— Provided material —
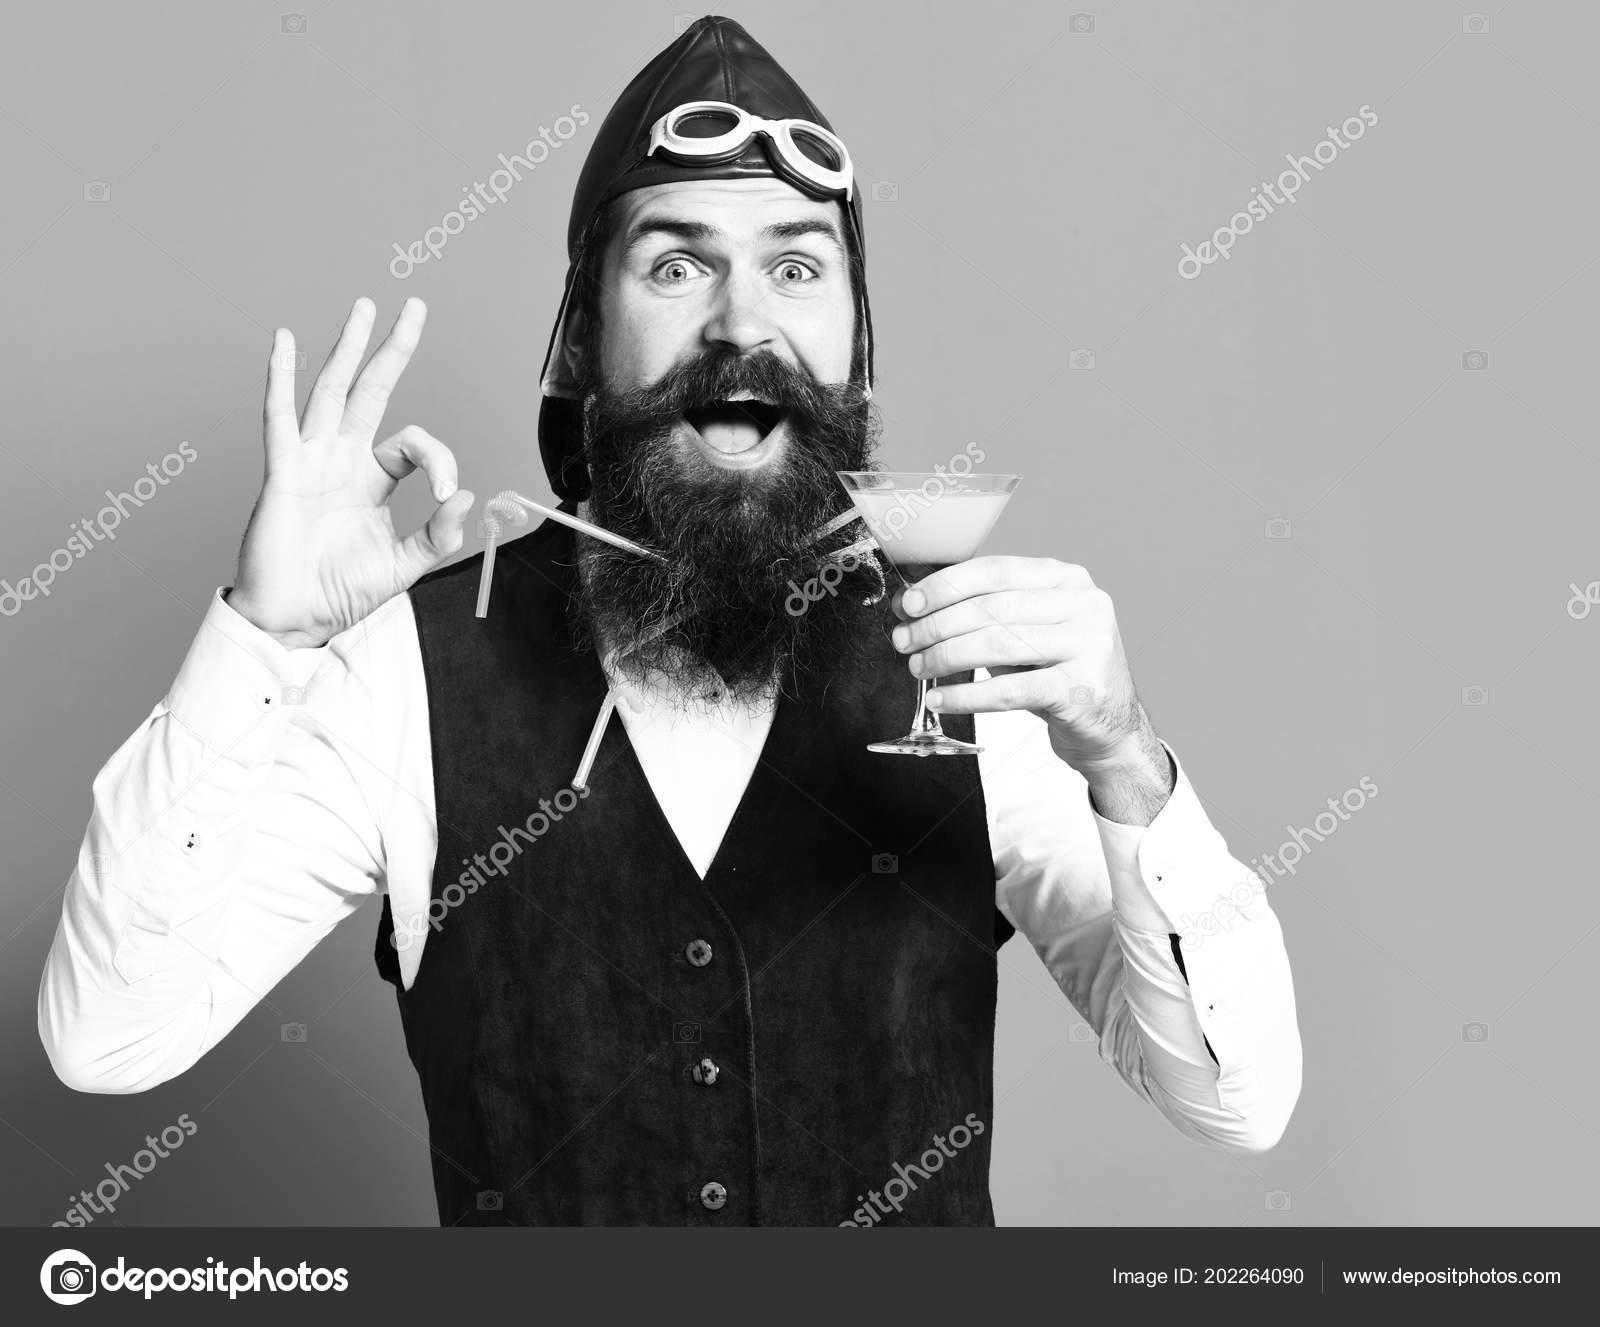 24943ee59c991 Guapo con barba piloto o aviador hombre con barba larga y bigote cara feliz  con vaso de bebida alcohólica en chaleco de cuero de ante vintage con  sombrero y ...
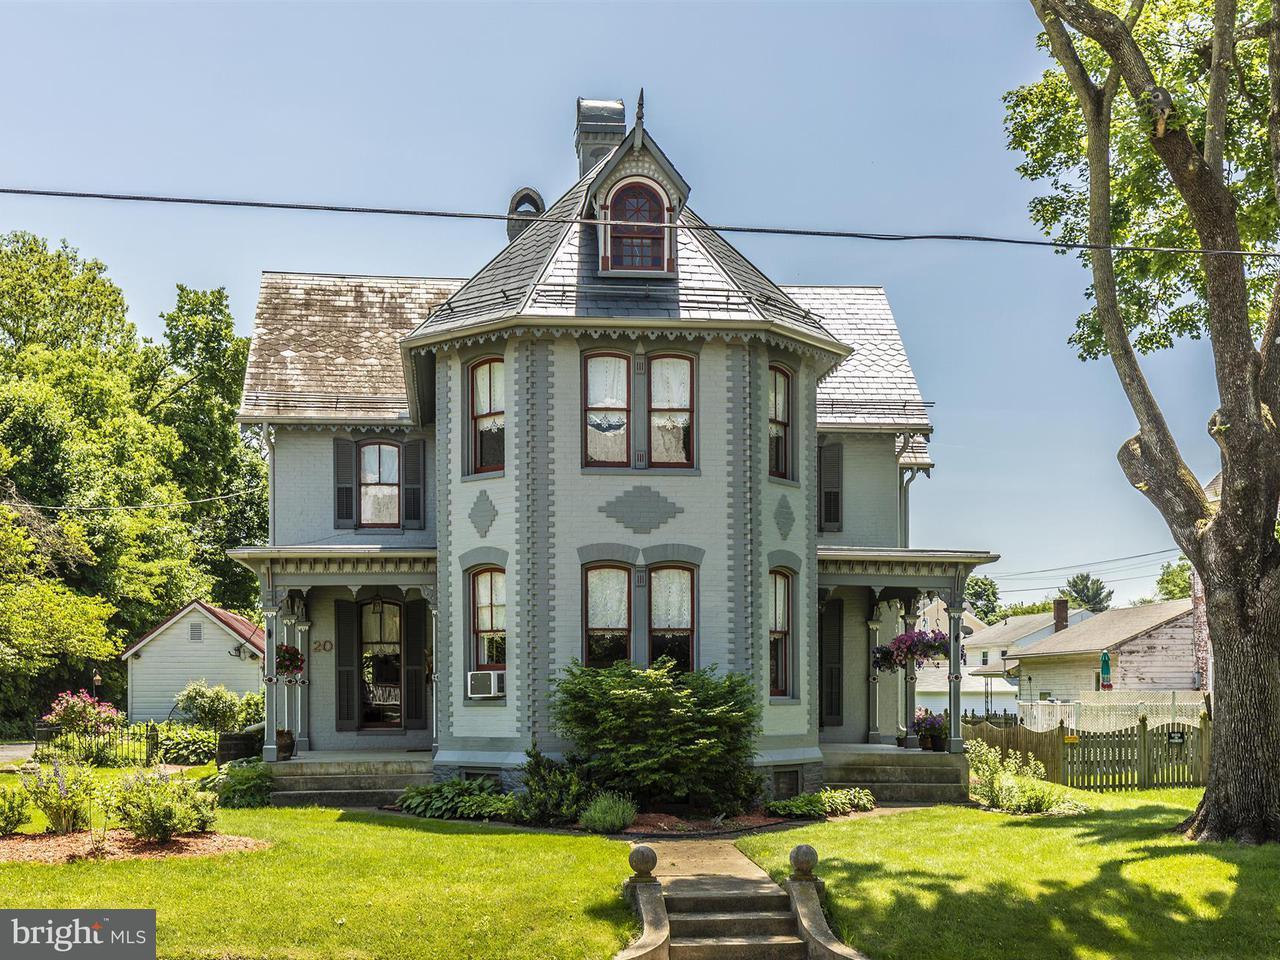 Μονοκατοικία για την Πώληση στο 20 PENNSYLVANIA AVE W 20 PENNSYLVANIA AVE W Walkersville, Μεριλαντ 21793 Ηνωμενεσ Πολιτειεσ
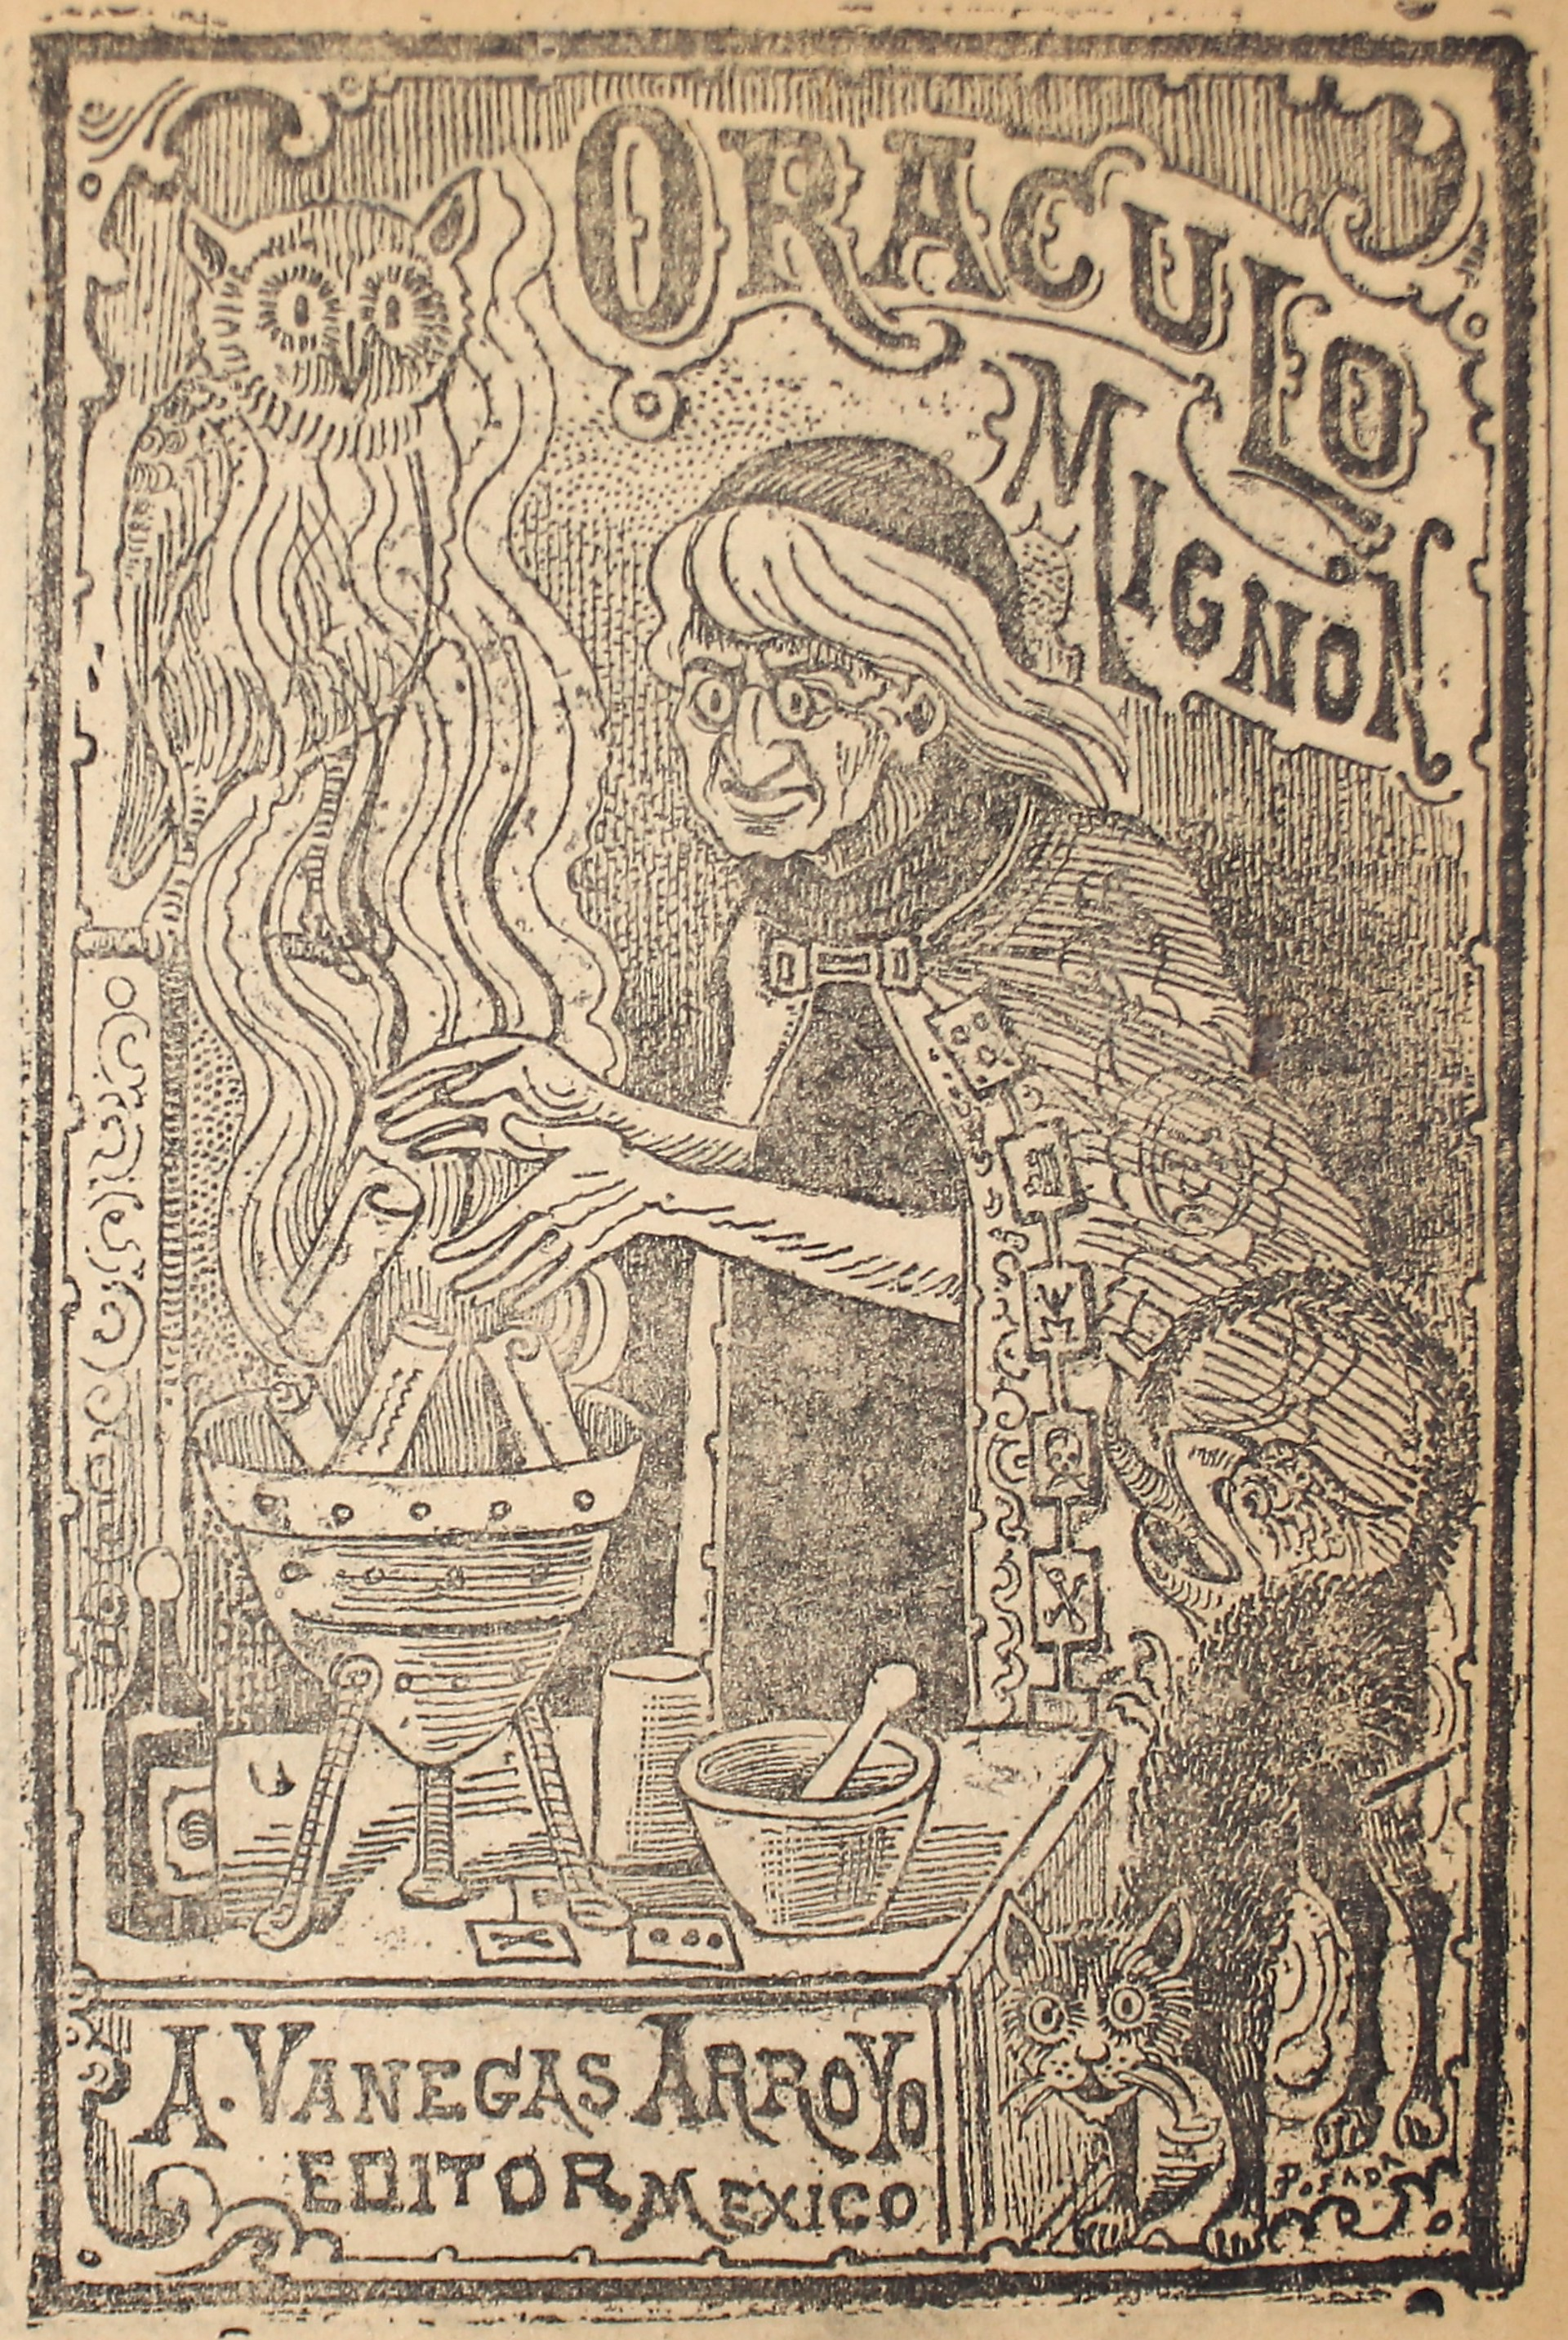 Oraculo Mignon by José Guadalupe Posada (1852 - 1913)
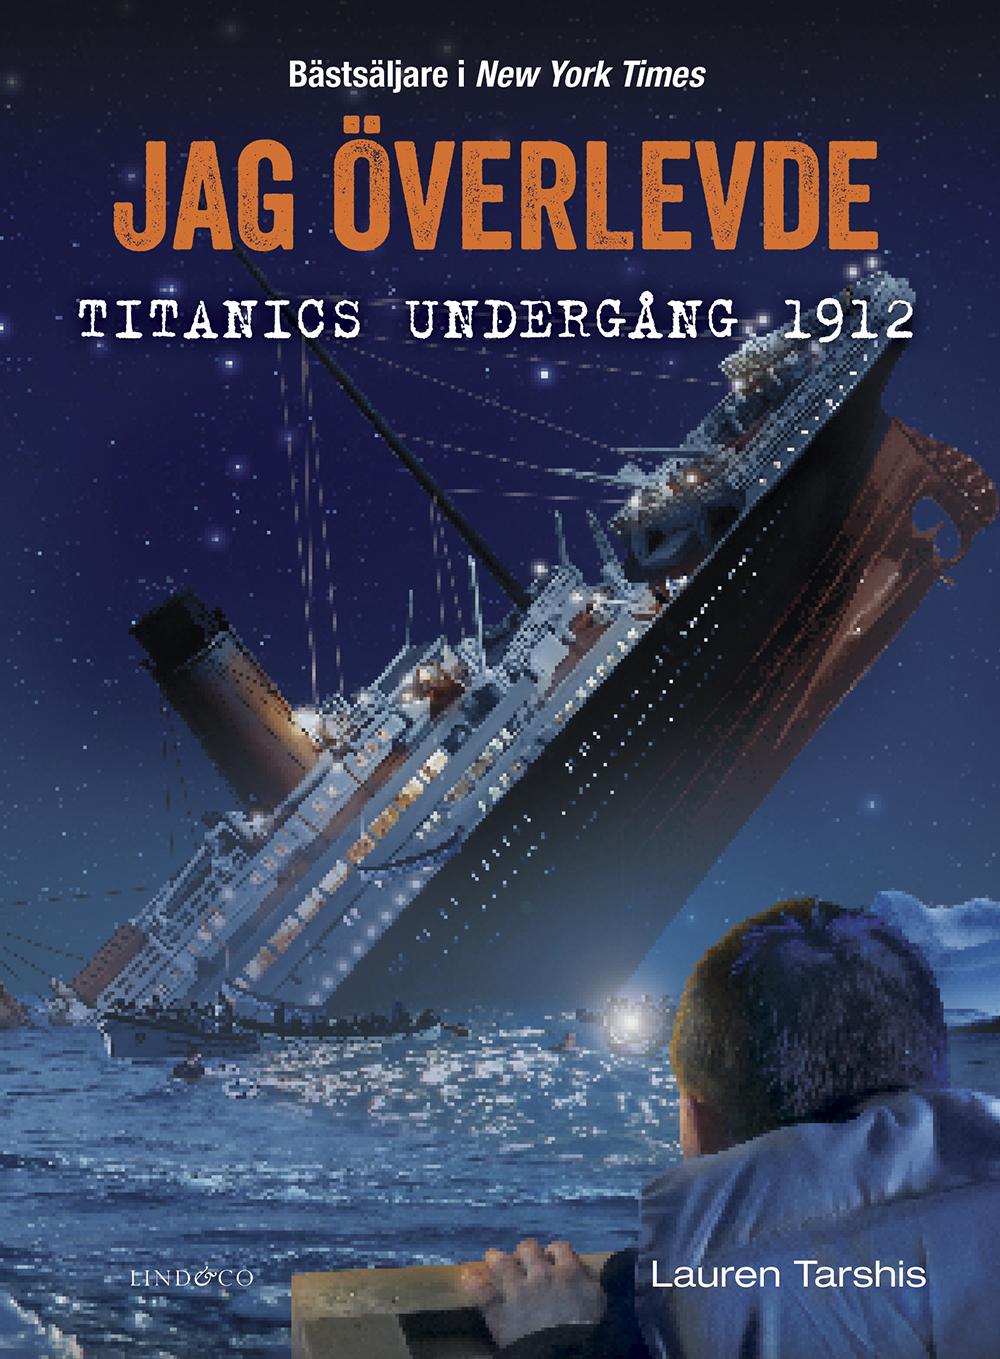 Lauren Tarshis – Jag överlevde Titanics undergång 1912

— Task details —
Transcribe the listing exactly; skip the pictures.

— Solution to the problem —
 24943ee59c991 Guapo con barba piloto o aviador hombre con barba larga y bigote cara feliz  con vaso de bebida alcohólica en chaleco de cuero de ante vintage con  sombrero y ...
 Μονοκατοικία για την Πώληση στο 20 PENNSYLVANIA AVE W 20 PENNSYLVANIA AVE W Walkersville, Μεριλαντ 21793 Ηνωμενεσ Πολιτειεσ
 Oraculo Mignon by José Guadalupe Posada (1852 - 1913)
 Lauren Tarshis – Jag överlevde Titanics undergång 1912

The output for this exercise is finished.